Thursday, August 8, 2013

Someone tell me...

...exactly why I have to get out of bed in the morning?

Dishes?  Pft.  Every time I clean them, more dirty ones pile up.

Laundry?  See dishes.

Floors?  See Laundry and dishes.

I am sore, tired, depressed, broke, and can't frelling breathe.

Two steps forward, one step back?  I don't think so.  More like no steps forward, one steep downward spiral with no end in sight back.

I see people happy and I wonder how the hell they did that.  I thought I was happy...may have been for a while...but it fell apart.

I have come to the conclusion that anyone who is romantically attracted to/loves me?  Is deeply flawed and all it takes is a little time with me to turn even the nicest person into an ass or epic proportions.  I am a curse.
Want to destroy someone's life?  Send 'em my way.  I can do it in record time without even trying.  Hell, the harder I try NOT to, the faster it goes!  Prodigal, me.

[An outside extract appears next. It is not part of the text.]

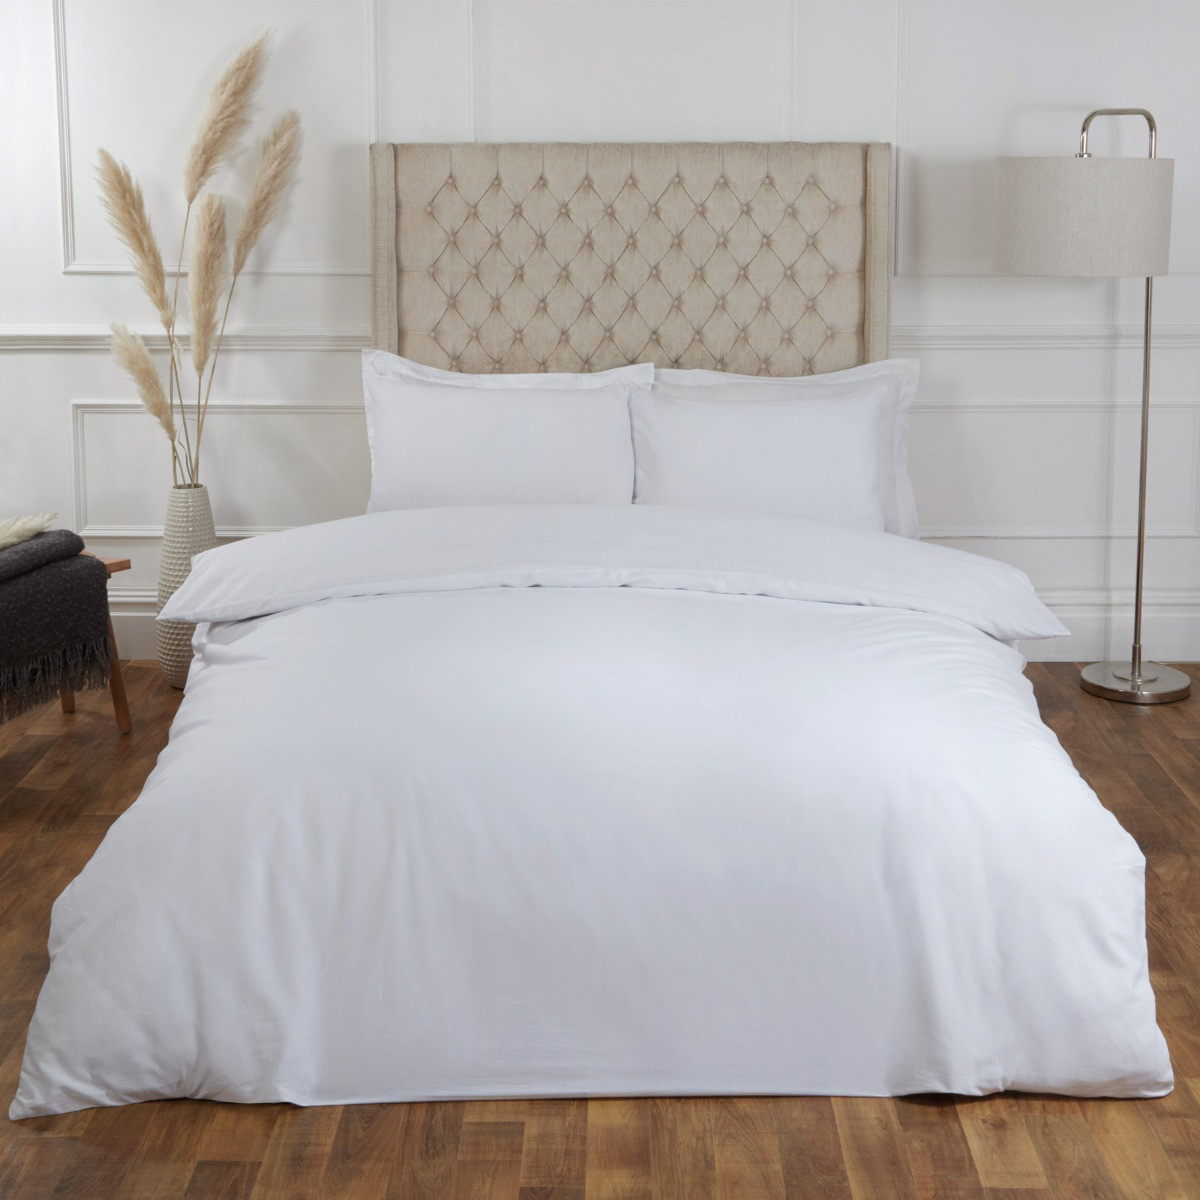 Highams Plain 100% Cotton Duvet Cover with Pillow Case Bedding Set, White - Super King>

So, yeah...why do I hafta get up?  Pft.  I'm going back to bed...

...and if a man so much as LOOKS at me, I am running away as far and as fast as I am able.  It's for his own good...

Sunday, August 4, 2013

Daisy, Daisy...

Okay, so it isn't built for two and I am not calling it "Daisy", but it IS a bicycle.

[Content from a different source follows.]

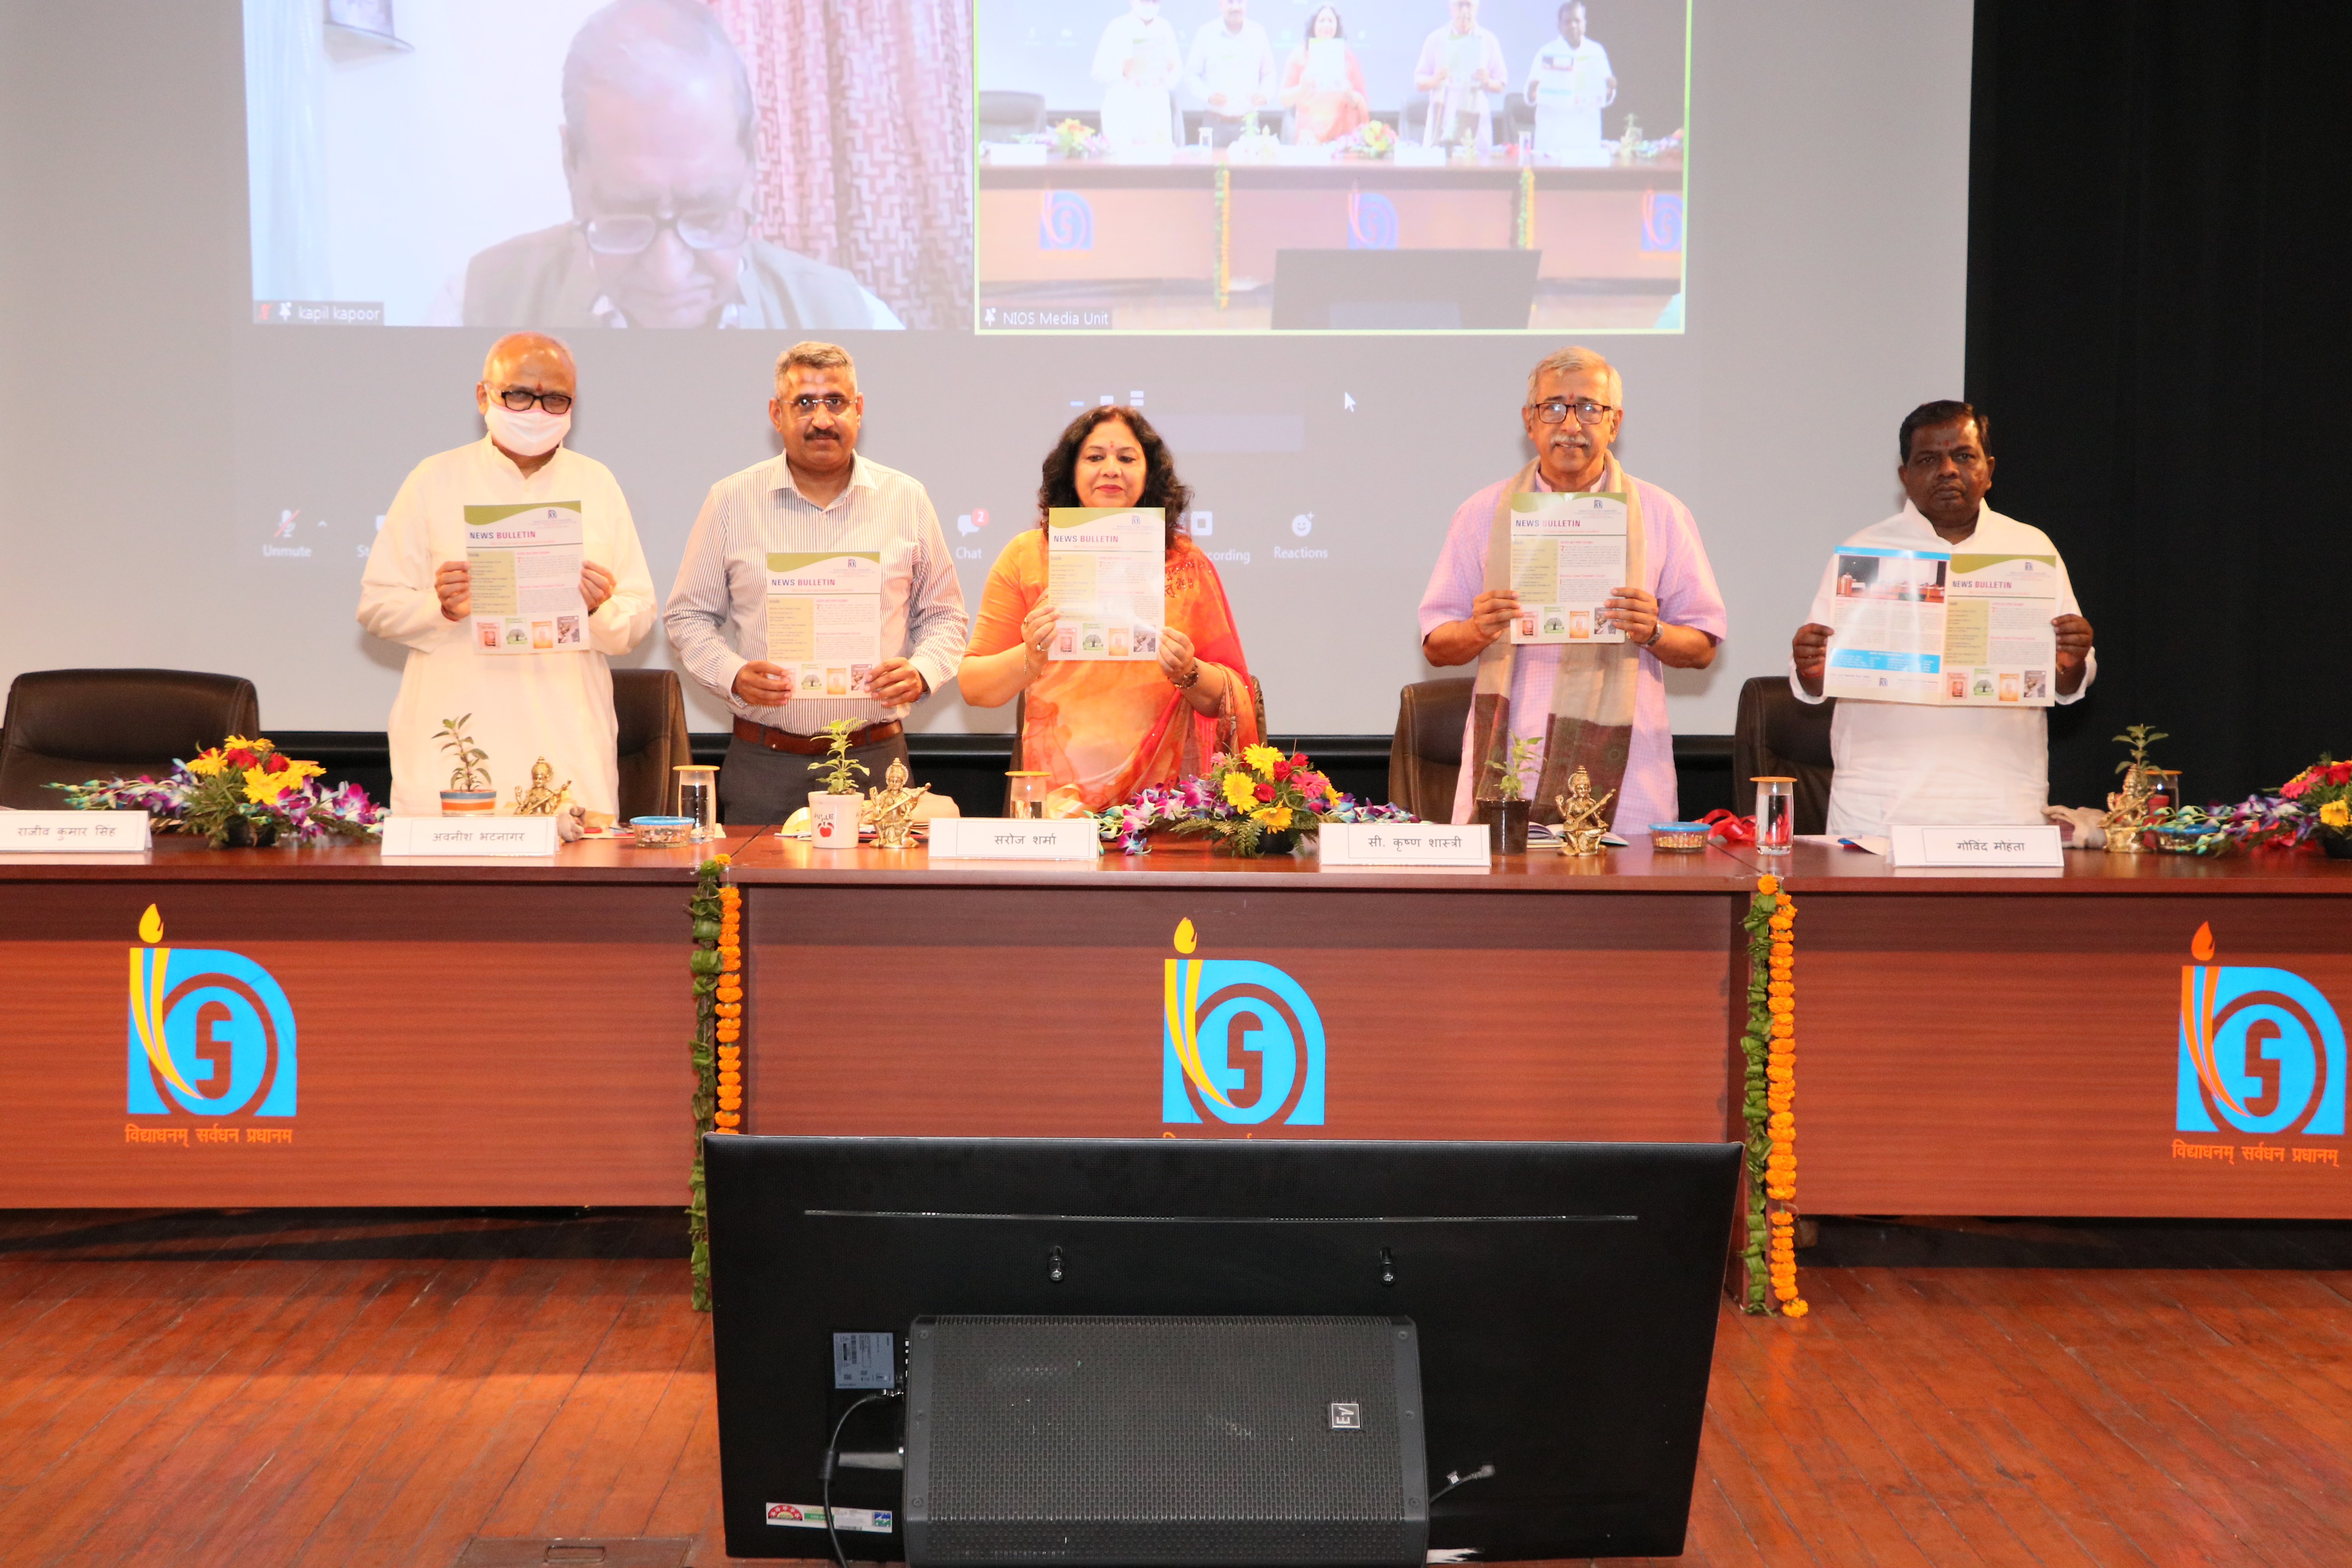 National Symposium Assimilating Indian Knowledge System

On Saturday, Someone and I went on a...gasp...date!  Our second, I think, or maybe third.  A friend came and watched Sprout and the Evil Genius was at his father's, and we were two adults at large in the world with nothing more than thoughts of sushi forming our prospective activities.

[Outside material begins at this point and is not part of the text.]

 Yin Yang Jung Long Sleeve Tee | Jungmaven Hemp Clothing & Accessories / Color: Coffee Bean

We ran a few errands first, then went for sushi at my favorite place - until Saturday, poor Someone has never been there, only feasted on whatever leftovers I brought him.  While even their leftovers are excellent, nothing beats fresh.

Afterwards we headed homeward, but decided on the spur of the moment to stop at our local Evil Empire to see if they had any shorts or shirts Someone could buy for working outdoors in.  He  has a job now, and it is a lot of outdoor work, and jeans and t-shirts are just too hot.

As we were heading over towards the hardware department to investigate oscillating fans, we passed the bicycle display.  The price on the sign gave us pause, caused us to stop and back up.  The bikes on the front rack were all touring bikes, the kind I have longed for for some time.  There, in the middle, as if waiting just for me, was the blue beauty shown above.  Half price.

No kidding.

Half price.

Someone had been paid Friday.  He told me "Grab the bike, you're getting it."

He bought me a blue bike.  The exact bike I have wanted for several years, now.  Sniff.

I rode her today.  Let me just say that when one has not ridden a bicycle for 25 years or so, one may be excused if one...wobbles...a little.  I did not fall off, anyway, and I imagine I will improve with more practice.

I am as excited as a ten-year-old at Christmas!